By Benjamin Chiou
Date: Tuesday 01 Oct 2024
(Sharecast News) - Stocks dropped into the red in late-afternoon trade on Tuesday while oil prices surged on the back of fears that a retaliation by Iran on Israel is imminent.
Brent crude was nearly 4% higher at $74.40 a barrel by the close of play, while global equity markets gave up earlier gains on reports that Iran was preparing to launch a ballistic missile attack against Israel.
An unnamed White House official was quoted as saying that the US government had "indications" that an attack was imminent, and that the US were "actively supporting defensive preparations to defend Israel".
Tensions were already high after Israeli troops crossed the border in southern Lebanon and continued shelling areas nearby along with airstrikes on the capital, Beirut. The invasion is an escalation after the assassination of Hezbollah leader Hassan Nasrallah on Friday.
The Stoxx 600, which earlier had risen following data showing a drop in eurozone inflation, swung sharply lower to close with losses of 0.44%, with most major indices across Europe finishing lower.

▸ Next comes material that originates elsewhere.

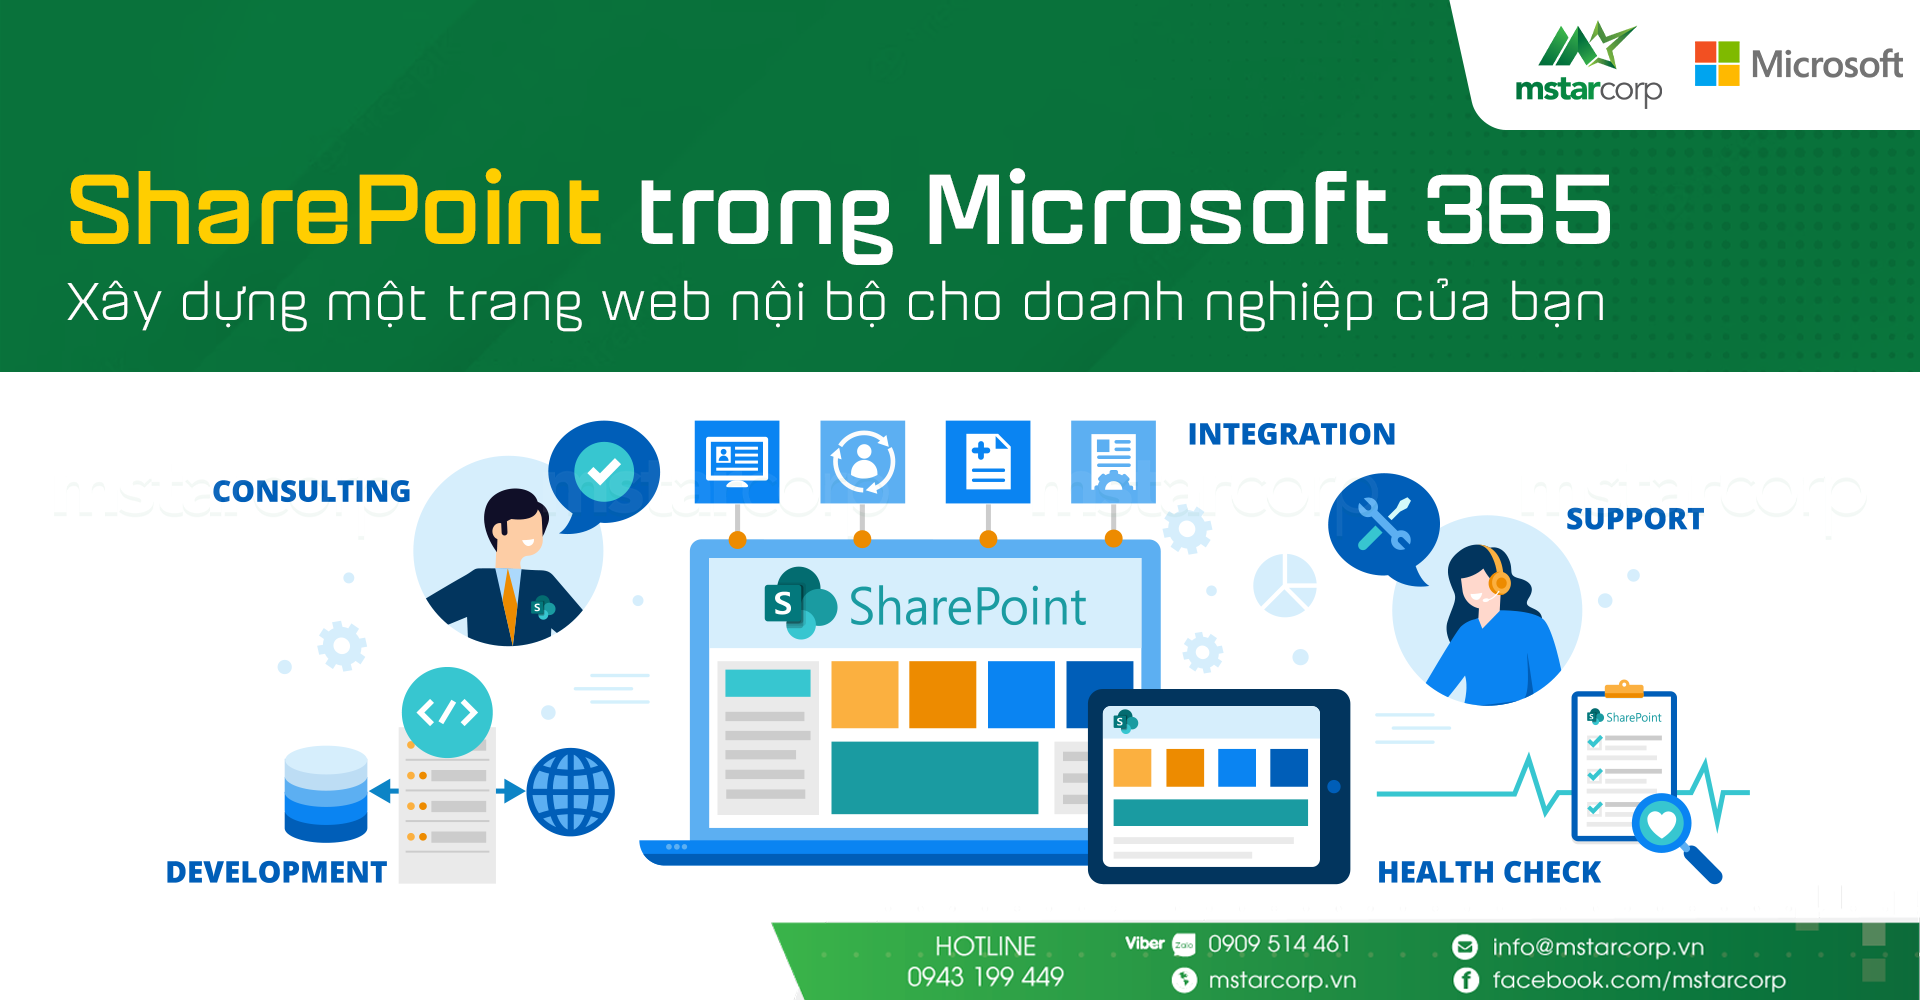 SharePoint trong Microsoft 365: Xây dựng một trang web nội bộ cho doanh nghiệp của bạn

''A relatively quiet session turned into full risk-off mode amid unconfirmed threats of an imminent missile attack by Iran on Israel", said Axel Rudolph, senior technical analyst at IG.
Eurozone inflation drops
In economic news, eurozone inflation fell below the European Central Bank's 2% target for the first time since 2021, boosting hopes of further interest rate cuts in the single currency bloc. A flash estimate from European Union statistics body Eurostat said annual inflation across the euro area was 1.8% in September 2024, down from 2.2% in August and its lowest since April 2021.
"We think that the ECB is slightly more likely than not to proceed with a rate cut at the October meeting. But with services inflation remaining stubbornly high, the decision to cut or stay put is on a knife edge," said Rory Fennessy, senior economist at Oxford Economics.
However, the state of manufacturing in the eurozone remained a concern as a survey show the sector's downturn deepened in September with activity contracting at its sharpest rate this year.
Final estimates from S&P Global and HCOB confirmed the manufacturing purchasing managers' index (PMI) showed a print of 45 for last month. While the PMI was revised slightly higher than the initial estimate of 44.8 released last week, this was still down from 45.8 over the preceding three months and the worst level since December 2023.
Market movers
Oil stocks were following crude prices higher, with BP, Shell and TotalEnergies all higher. The French outfit was also rising after announcing on Tuesday that it is investing $10.5bn into the GranMorgu offshore oil field in Suriname, said to hold recoverable reserves estimated at over 750 million barrels.
Shares in Covestro jumped 4% as Abu Dhabi state oil giant ADNOC said it had agreed to buy the German chemicals producer for €14.7bn.
Greggs fell 5% despite the UK bakery chain holding guidance. However, news that top-line growth was slowing against tougher comparable periods last year did not impress investors.